Для осуществления этого плана Василий В. желал от запада следующего: несколько западных епископов, осторожных, умеренных и опытных (Лукифер каларисский доказал, что от слепых ревнителей на востоке добра ждать нельзя), без огласки, которая подняла бы омиев, прибудут на восток, изучат положение дела на месте и, не предъявляя требований, при данных обстоятельствах не выполнимых, вступят в церковное общение с теми восточными епископами, в православии которых убедятся.

С надеждою на полный успех вести отношения с западом можно было только при содействии Афанасия В. Василий В. (зимою 371–372) обратился к Афанасию с просьбою – новым великим подвигом завенчать свою славную жизнь: а) содействовать умиротворению востока, послав и от себя на запад кого-нибудь из клира своей церкви вместе с послом Василия, б) своим личным влиянием устранить разделение православных в Антиохии. Он ясно высказал свою особую точку зрения на антиохийские дела: будущее принадлежит той церкви, во главе которой стоит не Павлин, с которым имеет общение Афанасий, а Мелетий, с которым Афанасий не имеет общения, но за которым – весь восток и сам Василий. Павлиниане должны слиться с мелетианами, как ручеек с великою рекою.

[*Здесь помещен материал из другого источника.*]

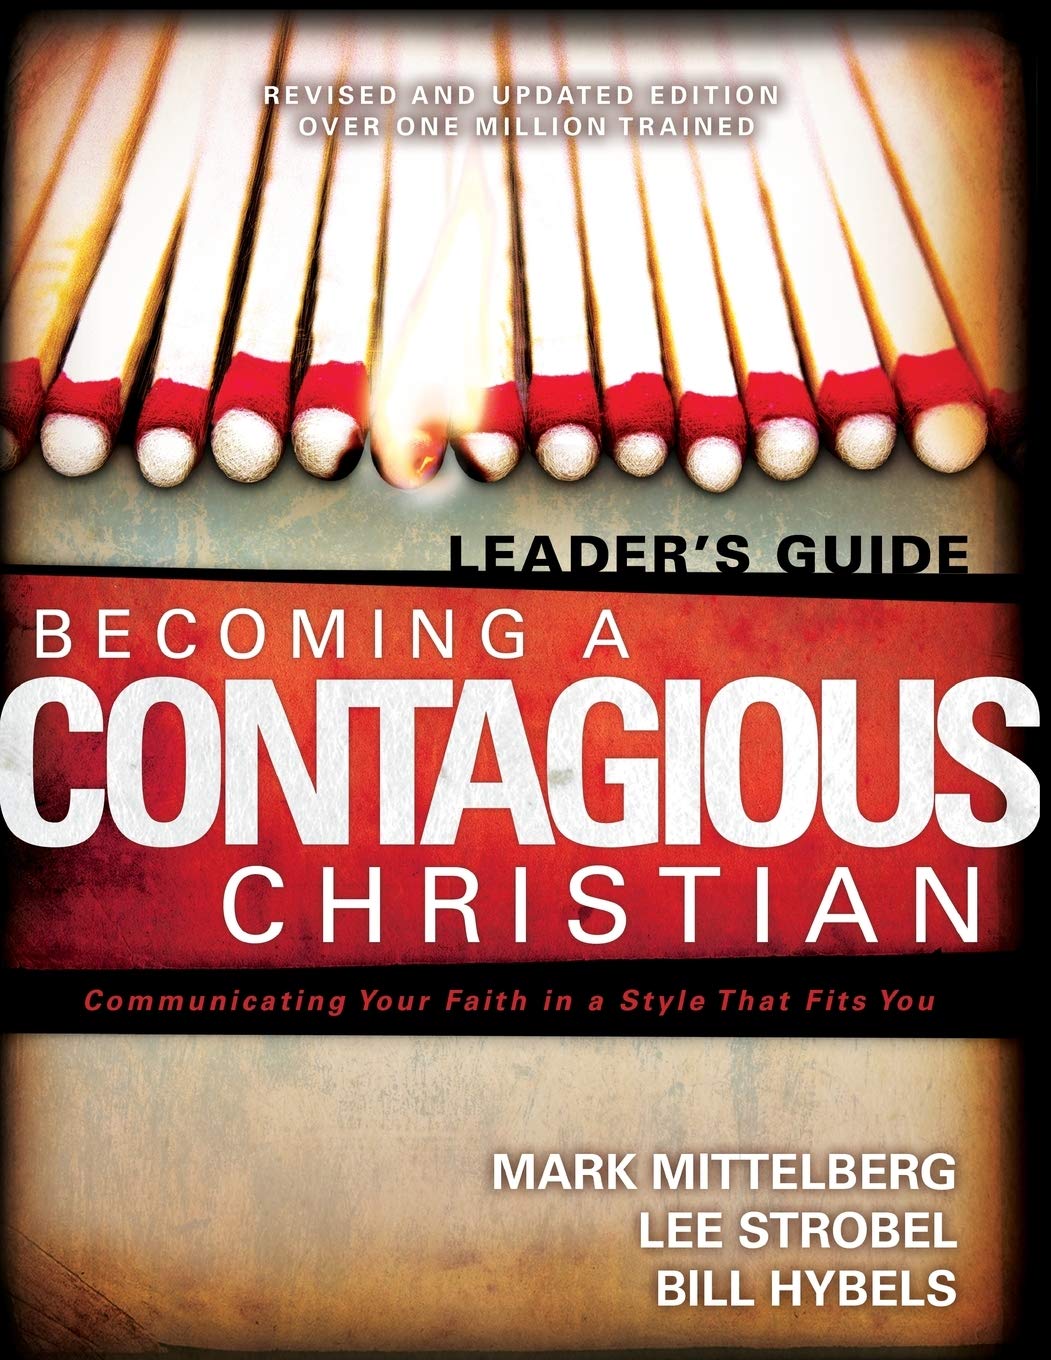 Becoming a Contagious Christian Leaders Guide: Communicating Your Faith in a Style That Fits You

Не имея общения с Мелетием, Афанасий отклонил от себя прямое участие в сношениях с Римом, но благословил это начинание Василия. Великий александрийский святитель согласился войти в общение с Мелетием, но под условием, чтобы первый шаг сделан был со стороны самого Мелетия (в 363–364 г. когда Афанасий В. был в Антиохии, Мелетий отнесся к нему холодно и не вступил с ним в общение). Но встретившиеся сначала трудности и последовавшая вскоре (2 мая 373 г.) Афанасия В. воспрепятствовали осуществлению этой программы.

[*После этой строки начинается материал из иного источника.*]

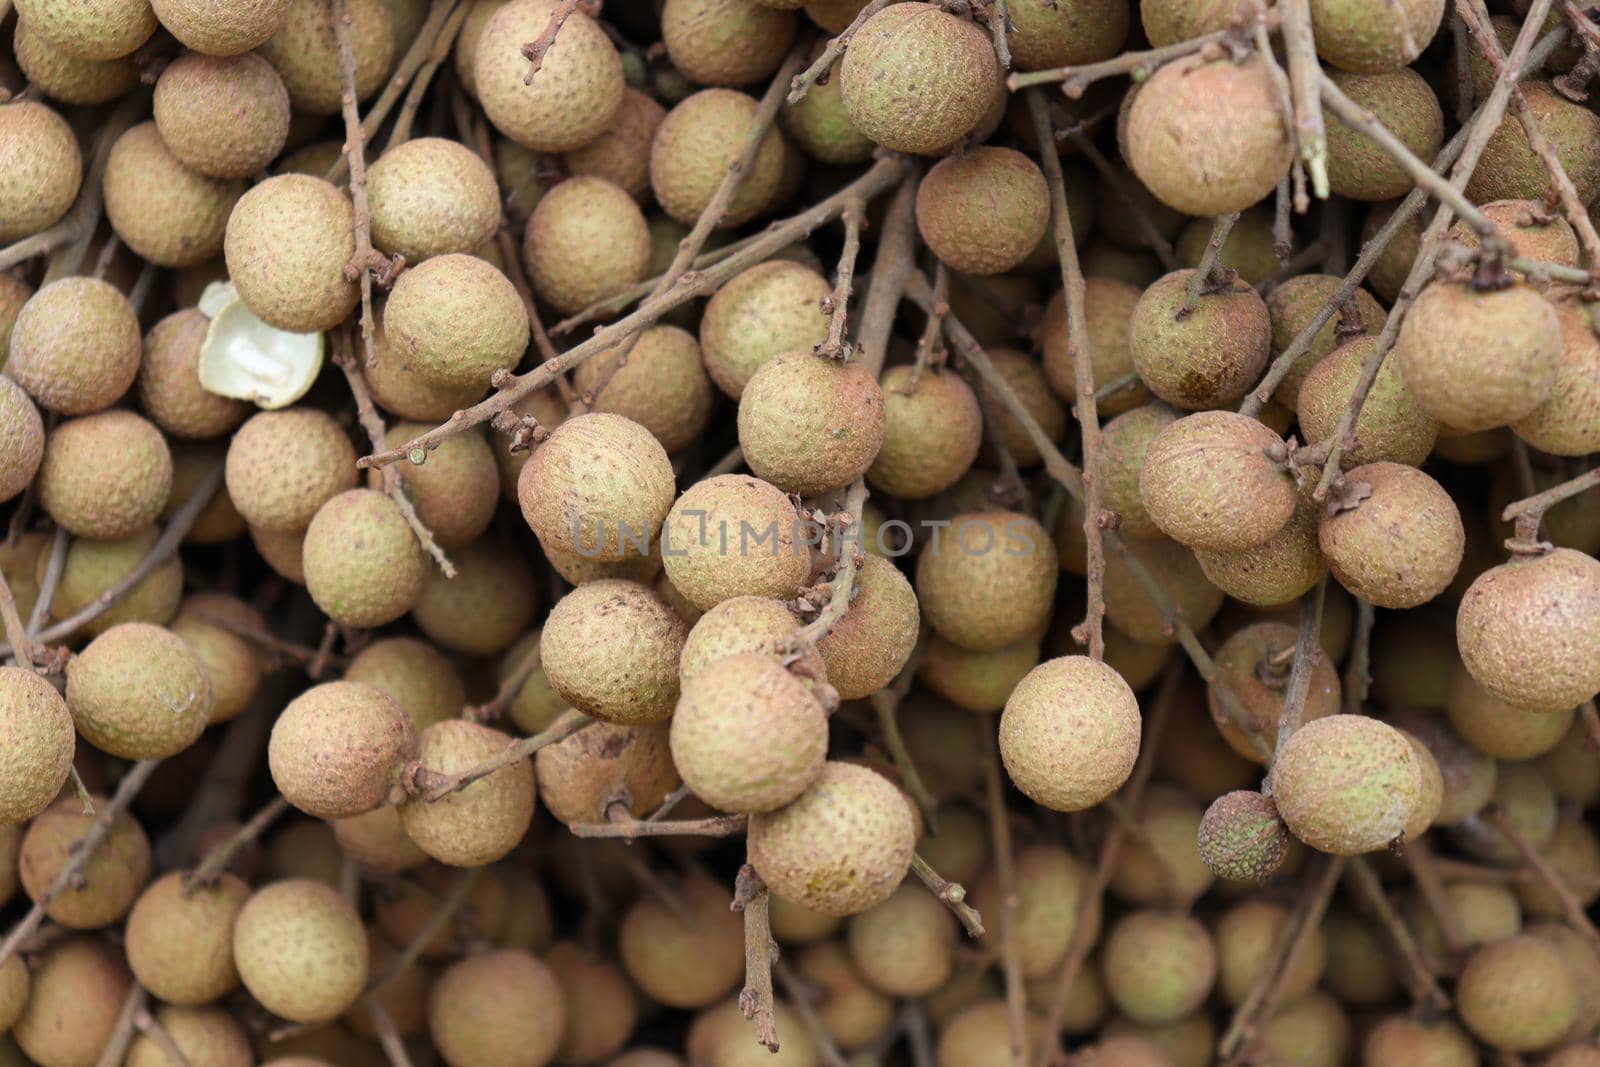 Longan Stock on shop for sell by jahidul2358

Сношения с Римом велись в четыре приема: в 372, 372-м же, 376 и 377 гг.

1) Весною 372 г. с диаконом Дорофеем Василий В. отправил послание на запад. Дамас римский ответил довольно сухо, некоторые другие западные епископы, напр. Валериан аквилейский, – сердечно.

2) С подателем ответных писем с запада, медиоланским диаконом Сабином, в конце 372 г. Василий отправил от имени 32 епископов (первым назван Мелетий антиохийский, вторым – Евсевий самосатский, третьим – сам Василий) второе послание, в котором в самых трогательных чертах описывал положение восточной церкви. Но Рим, которого эти бедствия ближайшим образом не касались, был не особенно расположен утверждать братию свою, и Дамас ответил на призыв Василия ледяною душью, отослав ему обратно послание восточных с пресвитером Евагрием (373 г.). Глубокие богословы Рима, οἱ ἀκριβέστεροι, остались недовольны образом выражения Василия и прислали форму, как следует писать в Рим. Ее на востоке должны были переписать буквально, подписать, да и отправить в Рим – не с каким-нибудь диаконом, а с депутациею из наиболее почетных епископов, чтобы создать таким образом приличный повод (εὐπρόσωπον ἀφορμὴν) и для западных – с своей стороны послать на восток епископов. Этот этикет в Риме расписывали в такое время, когда на востоке положение мелетиан было особенно тяжело: епископы не решались побывать на празднике у соседа за какую-нибудь сотню верст из опасения, что за эти 3–4 дня арианствующие заместят их кафедру своим человеком.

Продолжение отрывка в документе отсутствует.